Attorney General Xavier Becerra Continues Fight Against Unconstitutional, Unlawful Travel Ban with Brief in Fourth Circuit
SACRAMENTO – Attorney General Xavier Becerra has joined 16 fellow state attorneys general in continuing the fight against President Donald Trump’s unconstitutional travel ban by filing an amicus brief in International Refugee Assistance Project v. Trump before the U.S. Court of Appeals for the Fourth Circuit. The brief urges the court to reject the Trump administration’s request to reinstate the travel ban while it appeals a decision from the U.S. District Court for Maryland finding that the President’s scaled-back second executive order still likely violates the Establishment Clause of the United States Constitution.
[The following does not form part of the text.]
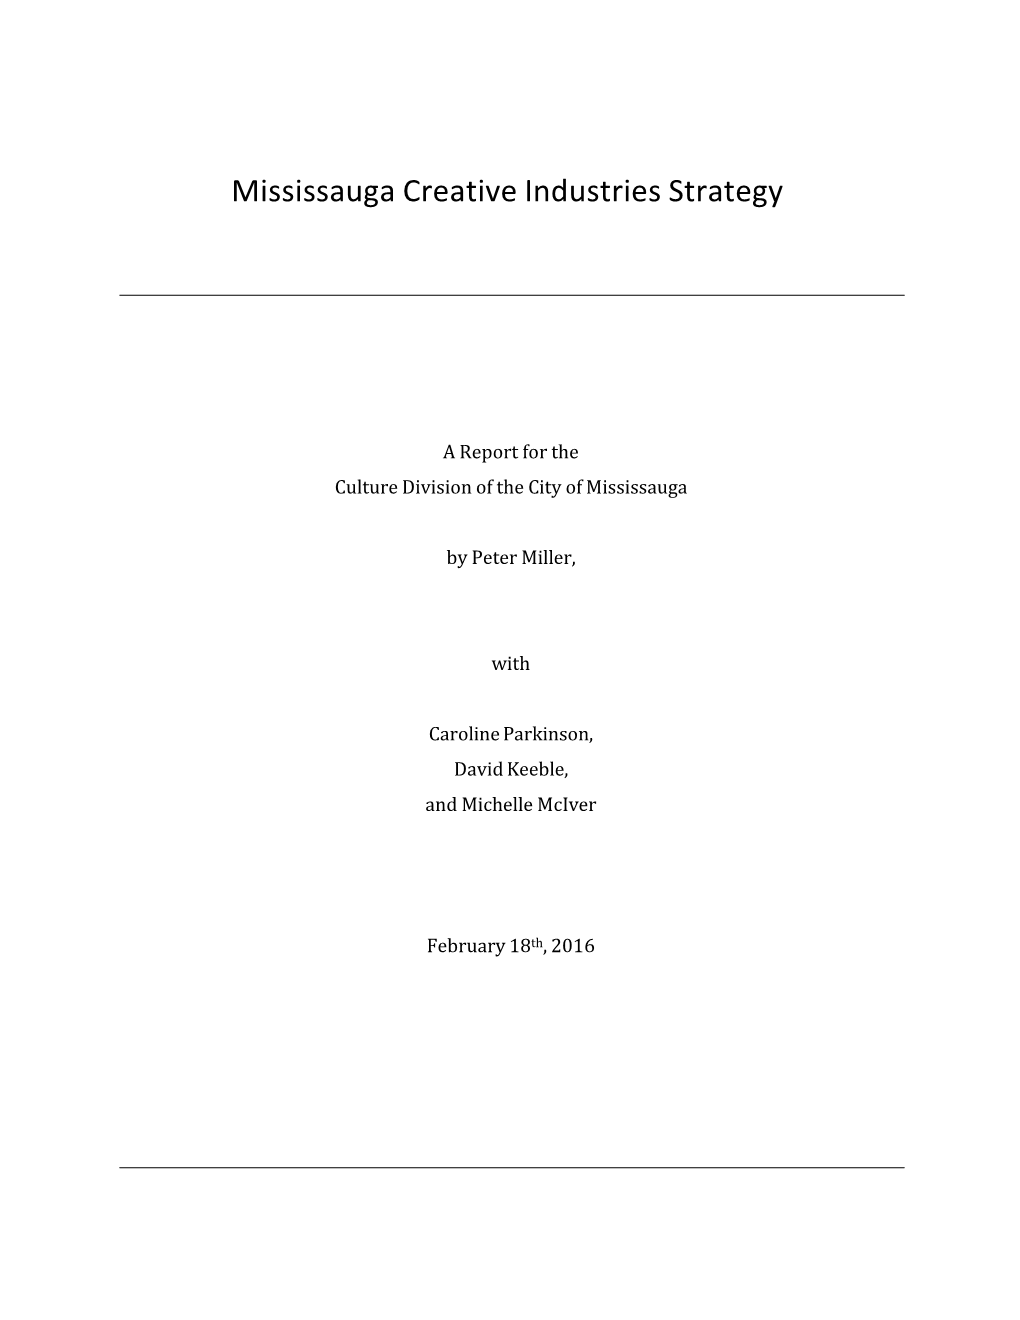 Creative Industries Strategy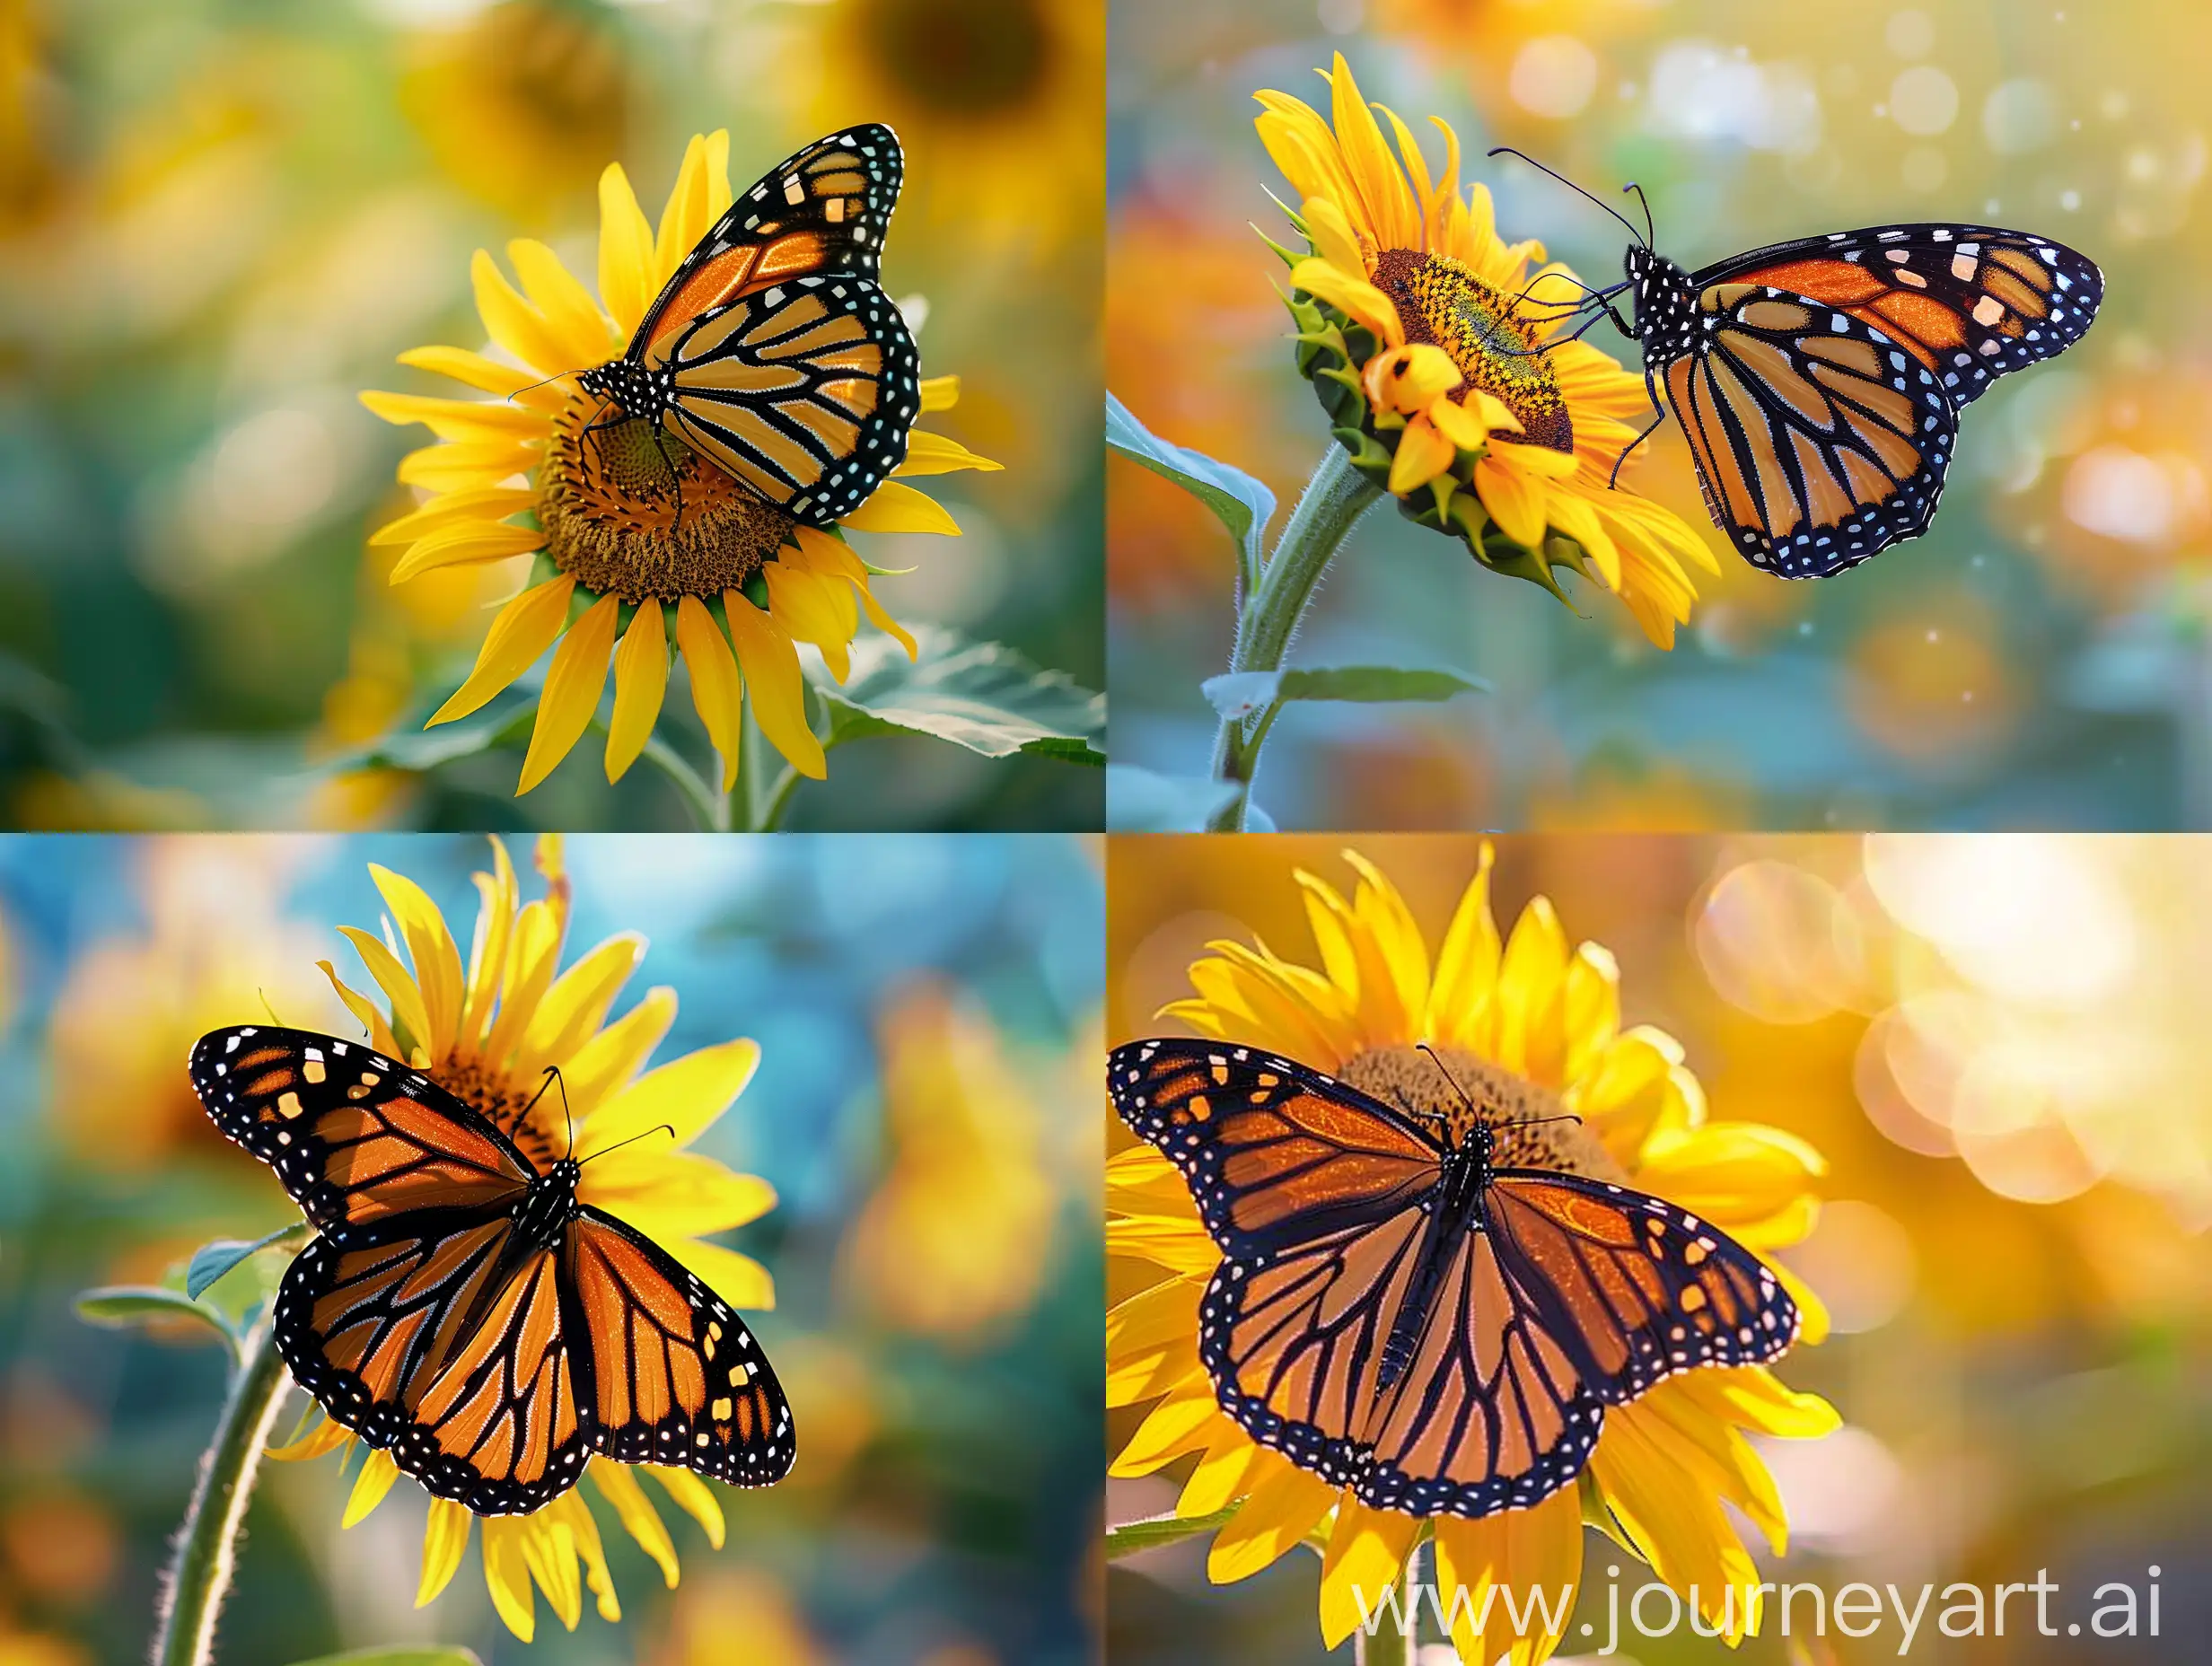 Monarch butterfly on flower. Image of a butterfly Monarch on sunflower with blurry background. Nature stock image of a closeup insect. Most beautiful imaging of a wings butterfly on flowers.

“Two different federal district courts have now held that the President’s revised travel ban should be blocked,” said Attorney General Becerra. “And yet President Trump says the courts should allow his travel ban to take effect immediately. The brief I joined today explains why the President is wrong. The Muslim travel ban isn’t just unconstitutional, it harms California and the rest of the nation and undermines our sacred values. I will continue to stand with my fellow attorneys general in fighting to protect our country from this unconstitutional overreach.”
In urging the Court to continue the current injunction against the travel ban, the states make it clear that:
- The Trump administration is unlikely to win their appeal;
- The public interest strongly favors a continued injunction against the stay;
- The Trump administration has not demonstrated the required “irreparable harm” that would entitle it to a stay; and
- States and their residents will face significant harm if the ban goes into effect.
The attorneys general describe the significant harm their residents and states would experience if the ban were allowed to go into effect, writing:
Letting the travel ban take effect would irreparably harm the Amici States. It would block entry by students, teachers, workers, and tourists from the six majority-Muslim countries. It would harm our citizens, lawful permanent residents, and resident visa holders, many of whom have family members and loved ones who would be presumptively denied entry. And it would amplify the message of fear and intimidation communicated to our Muslim communities by a President who has fulfilled his promise to single out Muslims for disfavored treatment.
Attorney General Becerra was joined in filing the amicus brief by the attorneys general of Maryland, Virginia, Connecticut, Delaware, Iowa, Illinois, Massachusetts, Maine, New Mexico, New York, North Carolina, Oregon, Rhode Island, Vermont, Washington, and the District of Columbia.